§ **Assignment**: Write the data out in full and word for word. Do not include images.

:: Data ::

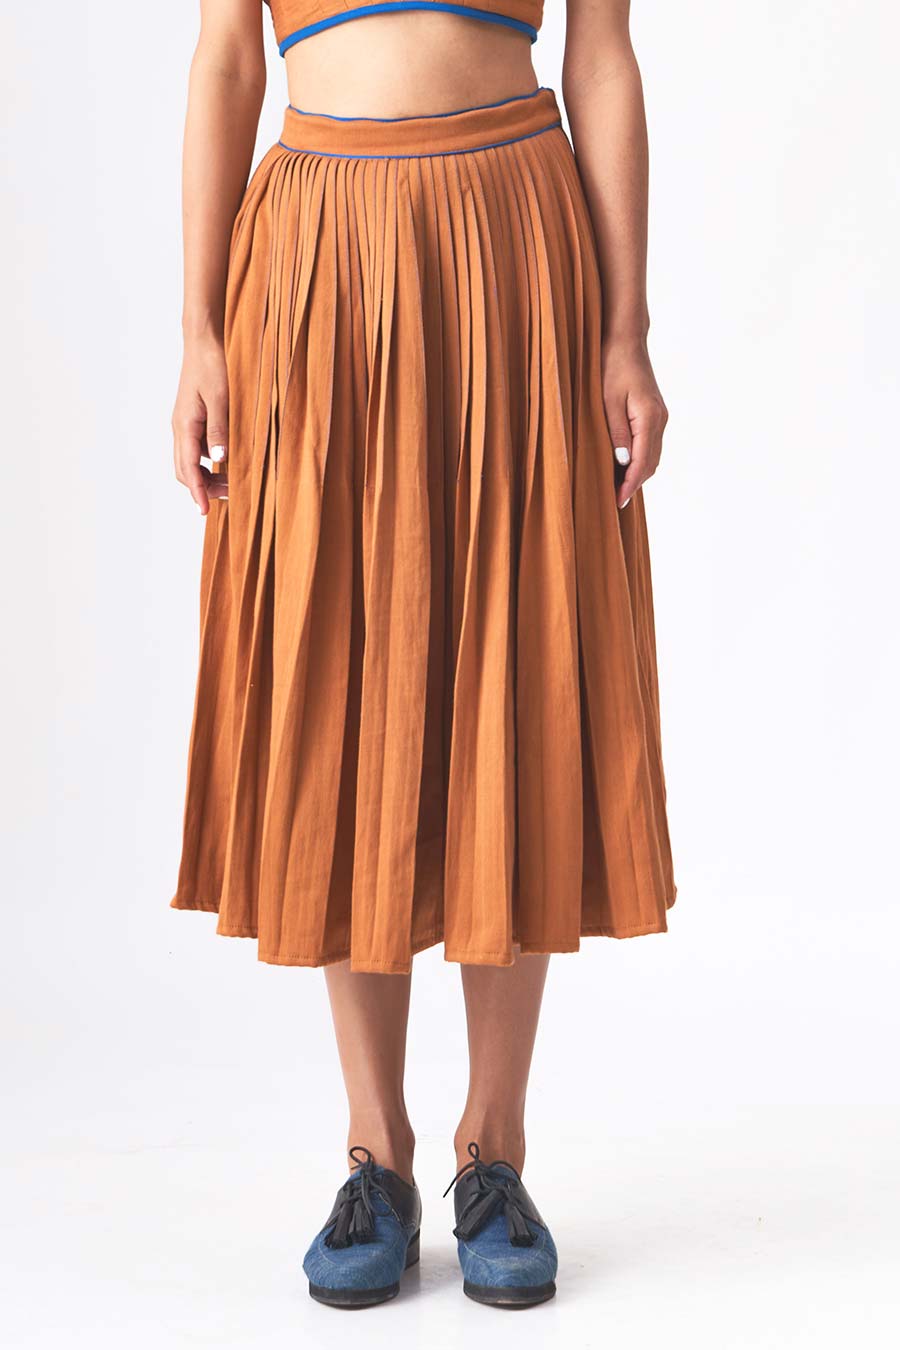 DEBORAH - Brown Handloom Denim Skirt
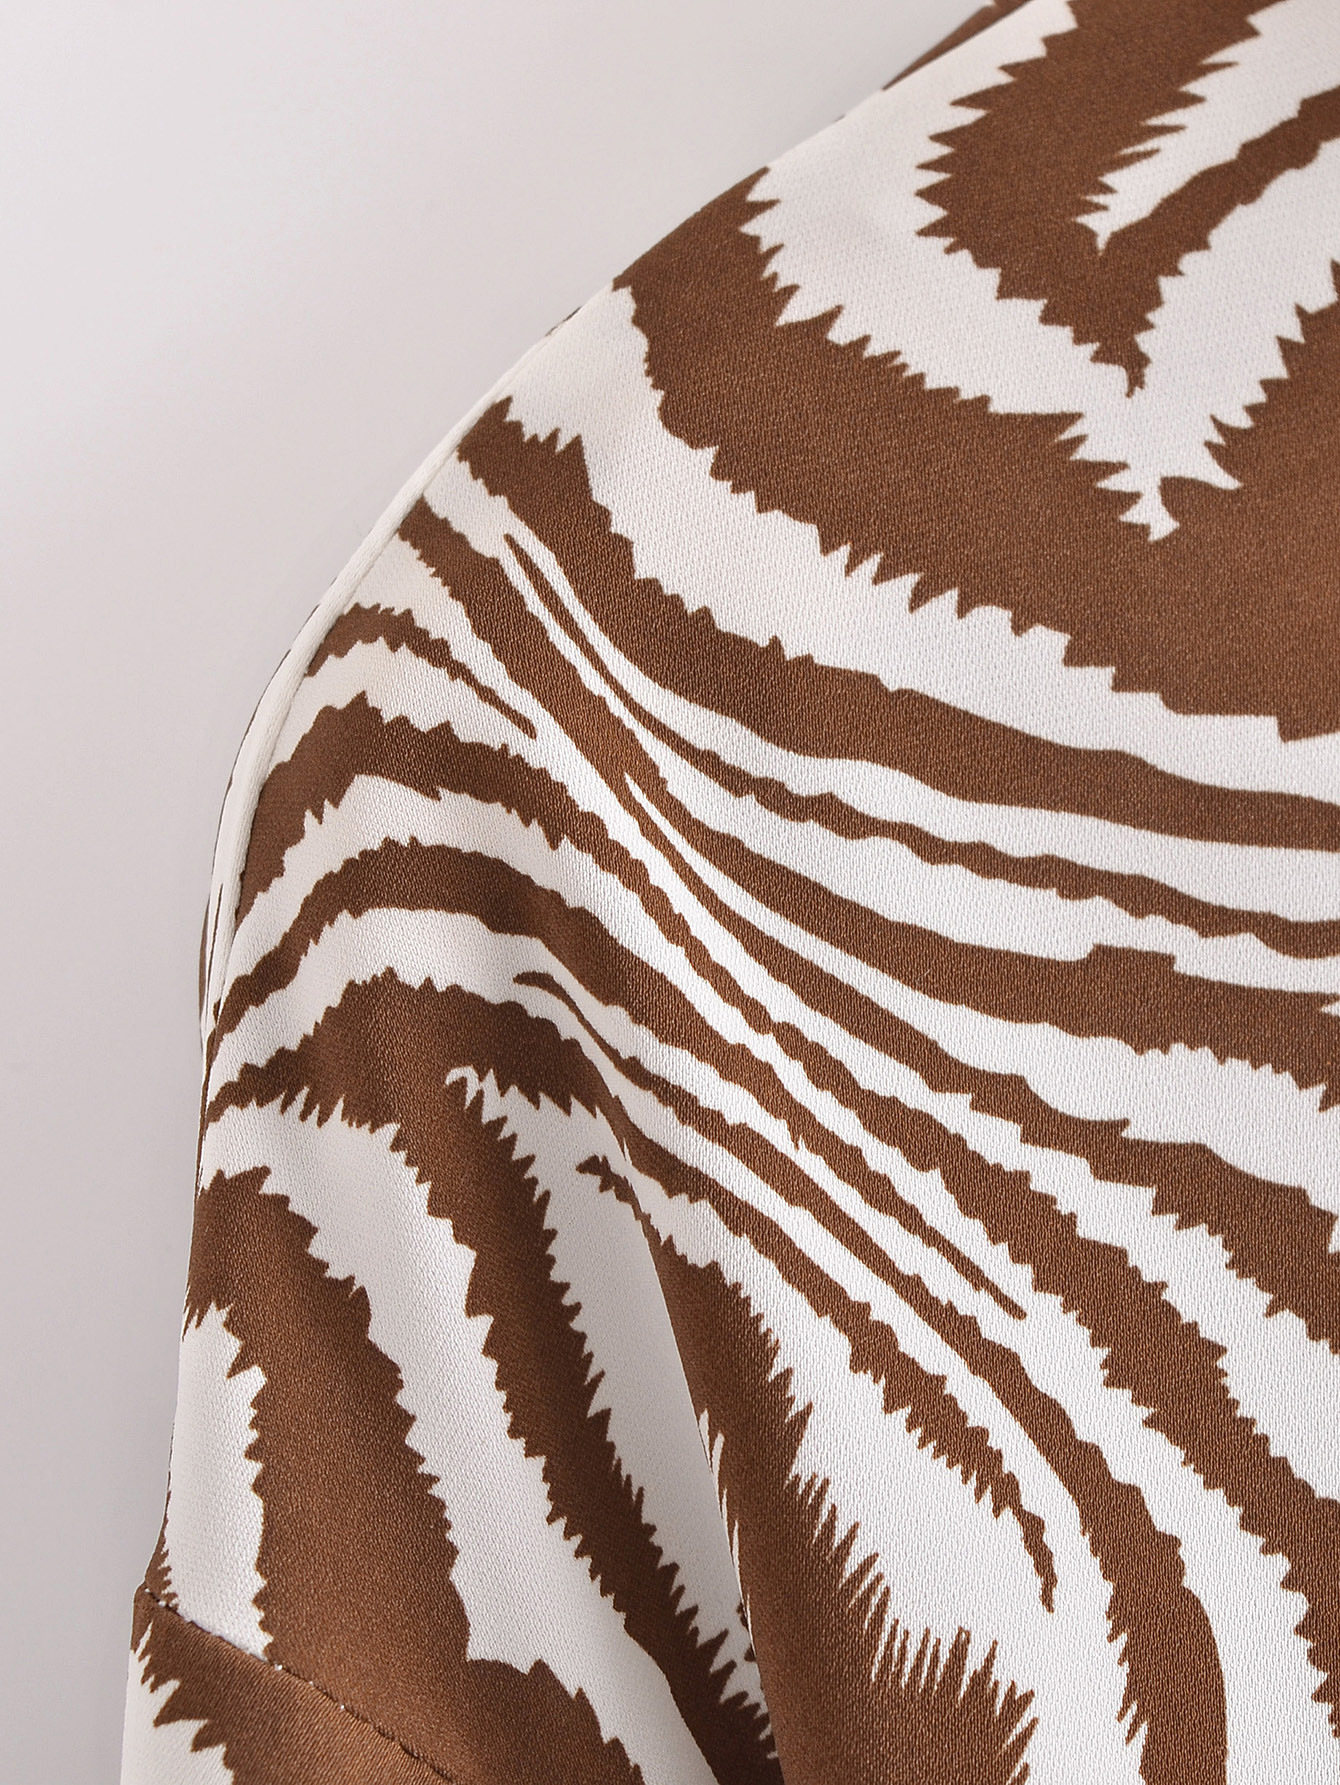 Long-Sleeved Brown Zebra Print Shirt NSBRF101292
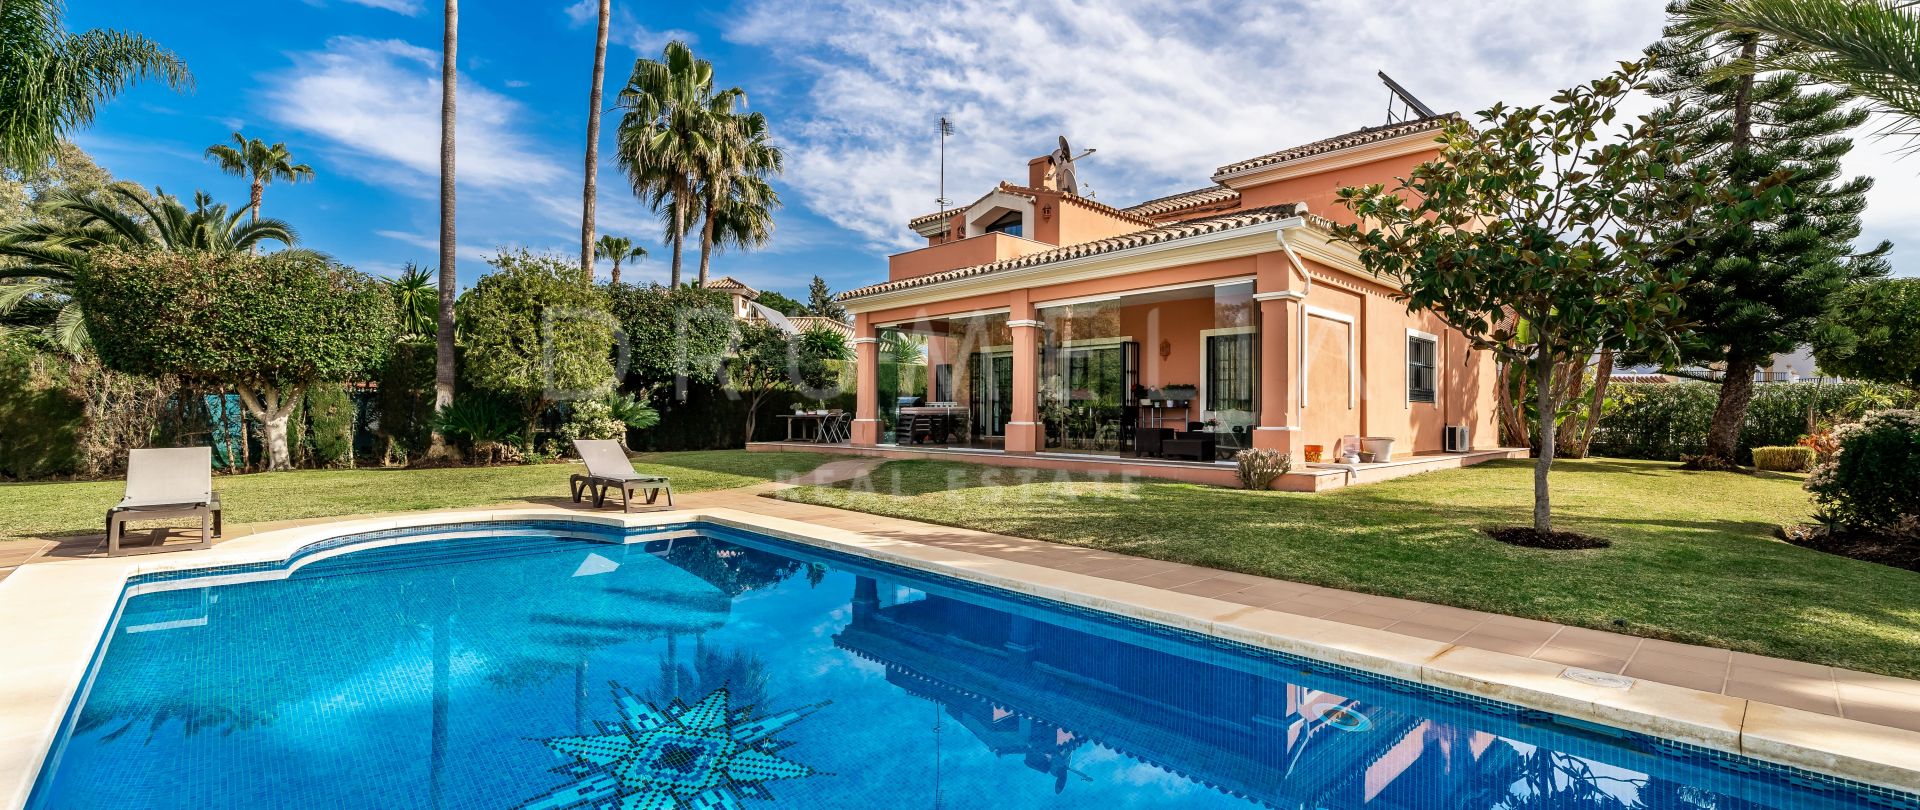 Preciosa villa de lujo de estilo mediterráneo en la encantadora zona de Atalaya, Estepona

:::

§ **Solution for this problem**:
 DEBORAH - Brown Handloom Denim Skirt
 Long-Sleeved Brown Zebra Print Shirt NSBRF101292
 Preciosa villa de lujo de estilo mediterráneo en la encantadora zona de Atalaya, Estepona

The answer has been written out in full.